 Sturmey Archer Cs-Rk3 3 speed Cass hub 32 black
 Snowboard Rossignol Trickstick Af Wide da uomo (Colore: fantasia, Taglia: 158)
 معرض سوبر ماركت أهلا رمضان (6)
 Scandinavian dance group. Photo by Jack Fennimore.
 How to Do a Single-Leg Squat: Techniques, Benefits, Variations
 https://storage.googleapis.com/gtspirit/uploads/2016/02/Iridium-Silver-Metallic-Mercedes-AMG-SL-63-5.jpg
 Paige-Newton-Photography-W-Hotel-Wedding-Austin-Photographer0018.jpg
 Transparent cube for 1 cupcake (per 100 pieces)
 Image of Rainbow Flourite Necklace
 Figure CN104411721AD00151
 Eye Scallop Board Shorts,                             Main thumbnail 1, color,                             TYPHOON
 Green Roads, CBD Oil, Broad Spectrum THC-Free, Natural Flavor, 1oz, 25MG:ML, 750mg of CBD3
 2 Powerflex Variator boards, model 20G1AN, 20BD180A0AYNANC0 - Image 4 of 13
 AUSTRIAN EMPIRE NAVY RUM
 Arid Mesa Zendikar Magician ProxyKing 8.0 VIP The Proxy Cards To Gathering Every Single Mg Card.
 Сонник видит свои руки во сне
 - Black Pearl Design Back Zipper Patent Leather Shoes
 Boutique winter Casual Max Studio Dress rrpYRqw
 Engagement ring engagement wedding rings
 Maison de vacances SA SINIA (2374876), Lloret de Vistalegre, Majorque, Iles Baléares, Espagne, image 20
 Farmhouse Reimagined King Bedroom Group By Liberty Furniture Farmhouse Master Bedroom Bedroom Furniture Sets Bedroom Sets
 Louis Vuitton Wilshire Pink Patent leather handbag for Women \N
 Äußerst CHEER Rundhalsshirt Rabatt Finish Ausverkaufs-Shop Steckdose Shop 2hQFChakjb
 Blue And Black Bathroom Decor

◆ What this task involves: Here the answer is the exact run of lines above, from the line with "Arid Mesa Zendikar" down to the last, and nothing else.

◆ Solution for this exercise:
 Arid Mesa Zendikar Magician ProxyKing 8.0 VIP The Proxy Cards To Gathering Every Single Mg Card.
 Сонник видит свои руки во сне
 - Black Pearl Design Back Zipper Patent Leather Shoes
 Boutique winter Casual Max Studio Dress rrpYRqw
 Engagement ring engagement wedding rings
 Maison de vacances SA SINIA (2374876), Lloret de Vistalegre, Majorque, Iles Baléares, Espagne, image 20
 Farmhouse Reimagined King Bedroom Group By Liberty Furniture Farmhouse Master Bedroom Bedroom Furniture Sets Bedroom Sets
 Louis Vuitton Wilshire Pink Patent leather handbag for Women \N
 Äußerst CHEER Rundhalsshirt Rabatt Finish Ausverkaufs-Shop Steckdose Shop 2hQFChakjb
 Blue And Black Bathroom Decor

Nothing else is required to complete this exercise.